If a device is found in the locked state, the primary task of the forensic investigator at the workstation involves unlocking the phone to gain access to it. Investigators can use various tools and techniques to bypass this security feature.

 

Bypassing Locked Android Devices

Investigators must evade the security lock of a suspected Android device found at the crime scene to detect and analyze potential evidence stored in it. The following are the different methods that investigators can use to bypass locked Android devices:

 

Method 1: Unlock Android Device without Password Using DroidKit

Investigators use DroidKit to remove all types of lock screens on Android devices without a password. It also helps in bypassing FRP lock on majority of Android devices.

 

Method 2: Bypass Android Lock Using Dr.Fone – Screen Unlock (Android)

Investigators use Dr.Fone – Screen Unlock (Android) to remove the Android lock screens. It does not just bypass Android pattern locks but also evades PINs, passwords, and FRP Locks.

 

Phone Locking on iOS

Setting up a passcode on an iOS mobile device is a significant part of securing data from unauthorized access. iOS devices prompt users to enter the passcode before using the device each time.

 

There are various types of passcodes in an iOS device.

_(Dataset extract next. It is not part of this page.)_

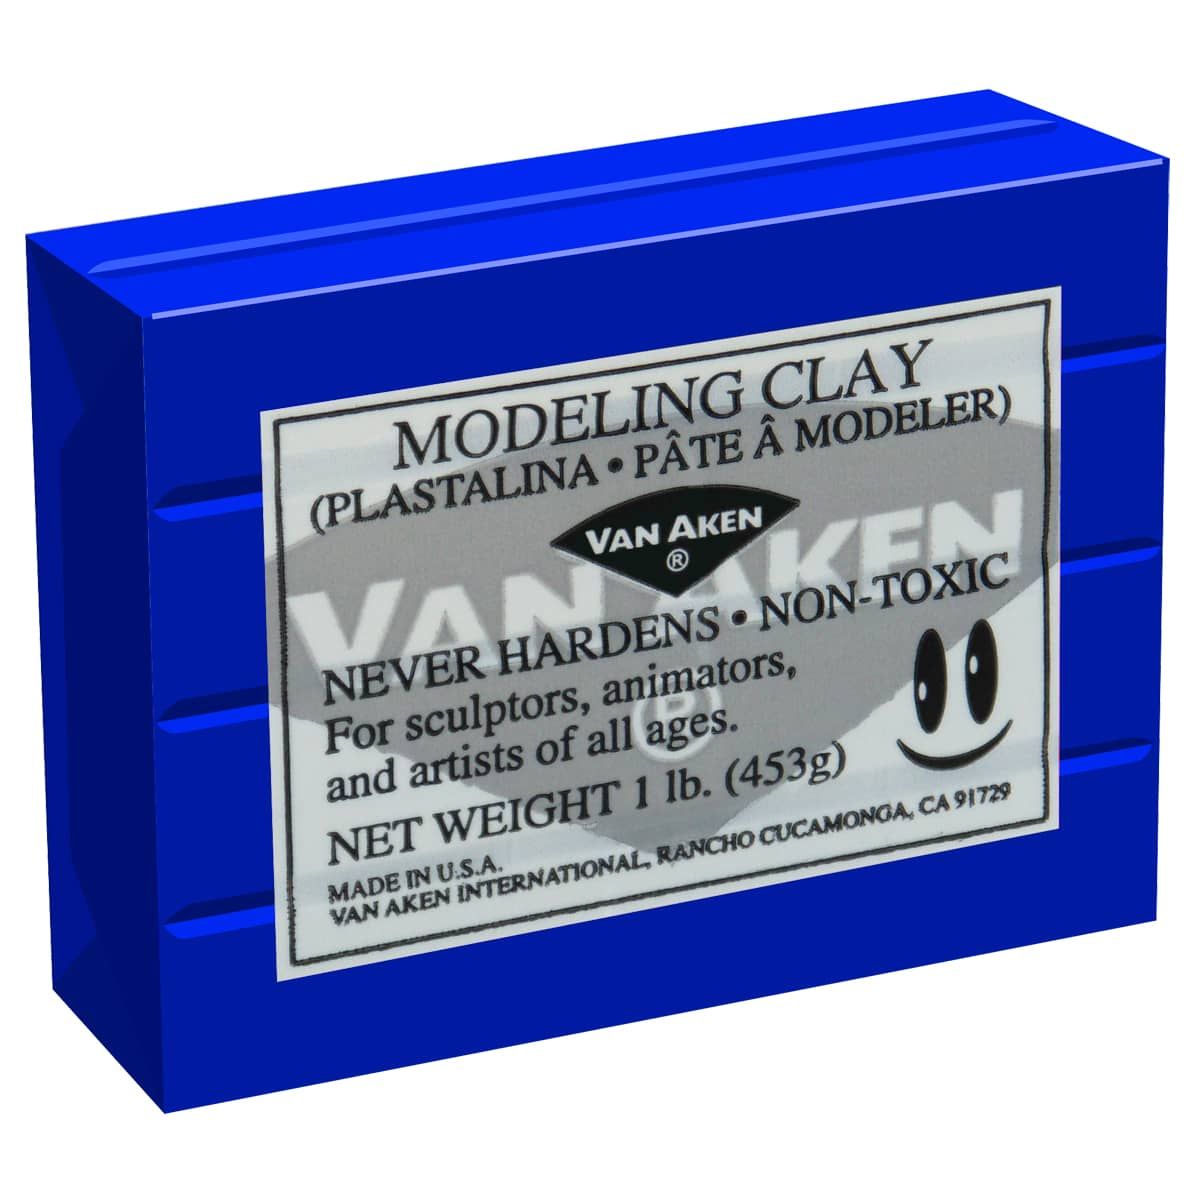 Van Aken Plastalina Modeling Clay - 4.5 lb, Blue

  • Numeric Passcode: A six-digit numeric password is the default security mechanism in iOS devices. Even if face unlock is enabled, Apple devices ask for a passcode when a user restarts the device, thereby offering enhanced protection in the case of a lost or stolen device.
  • Face Unlock: Apple Face ID is a facial-recognition technology that replaced the fingerprint mechanism on the latest iPhone devices (iPhone X and above).

 

If the device obtained from a crime scene is in a locked state, it must be unlocked. If the iOS device is connected to the computer, the forensic investigator can use the lockdown records that are stored on the computer to perform logical acquisition without unlocking the device.

 

Rooting of Android Devices

The goal of rooting Android is to overcome the restrictions imposed by hardware manufacturers and carriers, thereby resulting in the ability to modify or replace system applications and settings, run apps that require admin privileges, remove and replace a device’s OS, remove applications pre-installed by its manufacturer or carrier, or perform other operations that are otherwise inaccessible to the typical Android user. Rooting allows Android users to attain privileged control (known as “root access”) within Android’s subsystem.

 

Rooting of Android Devices Using KingoRoot

During a forensic investigation, investigators come across different types of Android devices. In case a device is unrooted, investigators should use third-party rooting tools such as KingoRoot to root the device and perform a forensic examination.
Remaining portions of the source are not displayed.